Marans (/fr/) is a commune in the Charente-Maritime department, administrative region of Nouvelle-Aquitaine (before 2015: Poitou-Charentes), southwestern France.

It is connected to La Rochelle by the Canal de Marans à La Rochelle. The inhabitants of Marans are known as marandais.

Marans is the most northern town in Charente-Maritime, and is sometimes considered to be the "gateway to Aunis", the former province in which it has always belonged since its creation.

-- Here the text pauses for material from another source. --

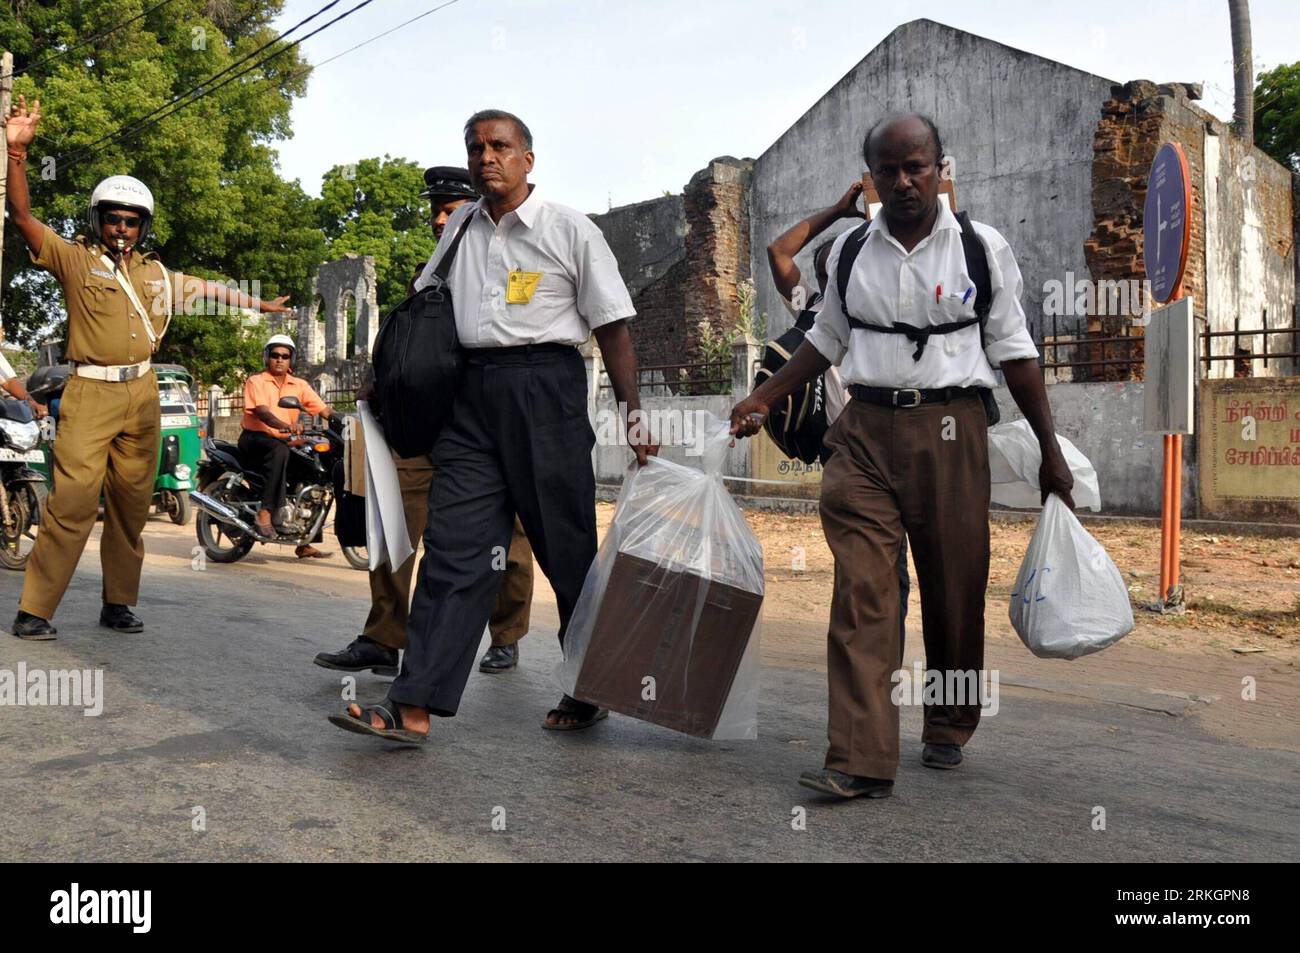 Bildnummer: 55611597  Datum: 23.07.2011  Copyright: imago/Xinhua (110723) -- JAFFNA (SRI LANKA), July 23, 2011 (Xinhua) -- Sri Lankan election officials carry ballot boxes to be transferred to a main counting center in Jaffna on July 23, 2011. Saturday s polls for 65 administrative bodies, including 20 in the districts of Jaffna, Kilinochchi and Mullaittivu where fighting raged till early 2009, ended peacefully despite of fears that violence may break out. (Xinhua/Gayan Sameera)(zx) SRI LANKA-WAR ZONE-POLLING PUBLICATIONxNOTxINxCHN Gesellschaft Politik Wahl Kommunalwahl Auszählung Wahlurne pre Stock Photo

Marans is a pleasant town on the river Sèvre niortaise which is a fishing port and a tourist destination. Being located north of La Rochelle, it has close relations with the latter to which it has much to owe for its rapid urban and economic growth.

==History==

===Toponymy===
The etymology of Marans is believed to be from the Latin, mare ante which means before the sea.

===Middle ages===
From the 7th century, monks settled in the Gulf, which had been drained by numerous canals.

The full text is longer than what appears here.